- Born: February 20, 1923 Berat, Principality of Albania
- Died: April 13, 2014 (aged 91) Wayland, Massachusetts, U.S.
- Education: University of Perugia (dropped out) Rutgers University University of California
- Organization: "Free Albania" National Committee
- Political party: Balli Kombëtar

= Sejfi Protopapa =

Albanian scientist

Sejfi Protopapa was an Albanian physicist and nationalist fighter with social democratic views who opposed the Albanian Monarchy and Communism.

==Biography==
===Early life===
He continued his education in Italy at the University of Perugia. Despite this, Sejfi joined the Albanian partisans.
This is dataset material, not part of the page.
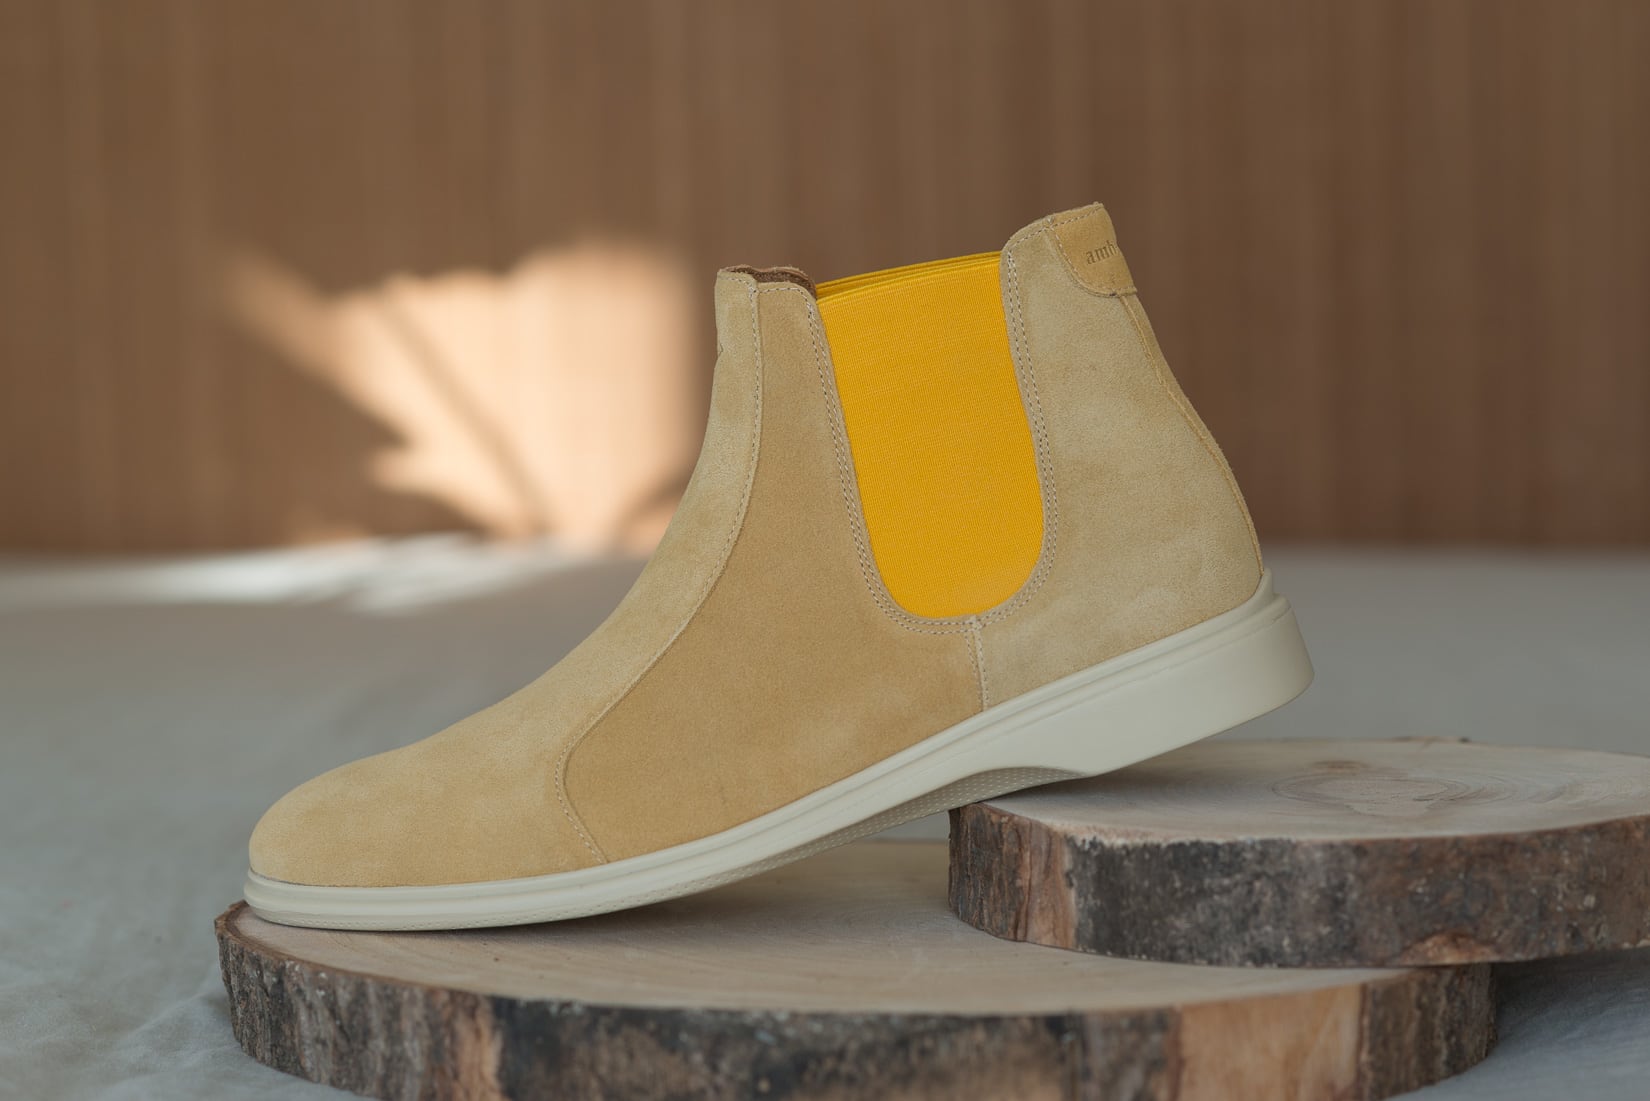 Amberjack Chelsea boots side review - Luxe Digital

On 13 September 1943, an envelope was dropped off in the office of the KPSH. With no signs of the letter stating to be confidential or addressed to anyone, Sejfi reviewed the content to find that it was a directive by Shpati (The pseudonym for The Party's Secretary, Enver Hoxha) to all district committees of the KPSH to focus their efforts on eliminating the Balli Kombëtar. At that time, the Mukja Agreement was in place to ensure that both the Partisans and the National Front joined their efforts together to fight the fascist forces.

Feeling shocked and morally uneasy that the KPSH was in the process of breaking the Besa of the Mukje Agreement and commit fratricide on fellow Albanians, Sejfi took the envelope and went straight to Abas Ermenji, the chairman of the Balli Kombëtar for the district of Berat. Ermenji took the letter to be published in the Flamuri Newspaper, the media arm of the Balli Kombëtar. With the Partisans looking to eliminate Sejfi, Sejfi officially joined the Ballist forces and commanded a battalion of 150.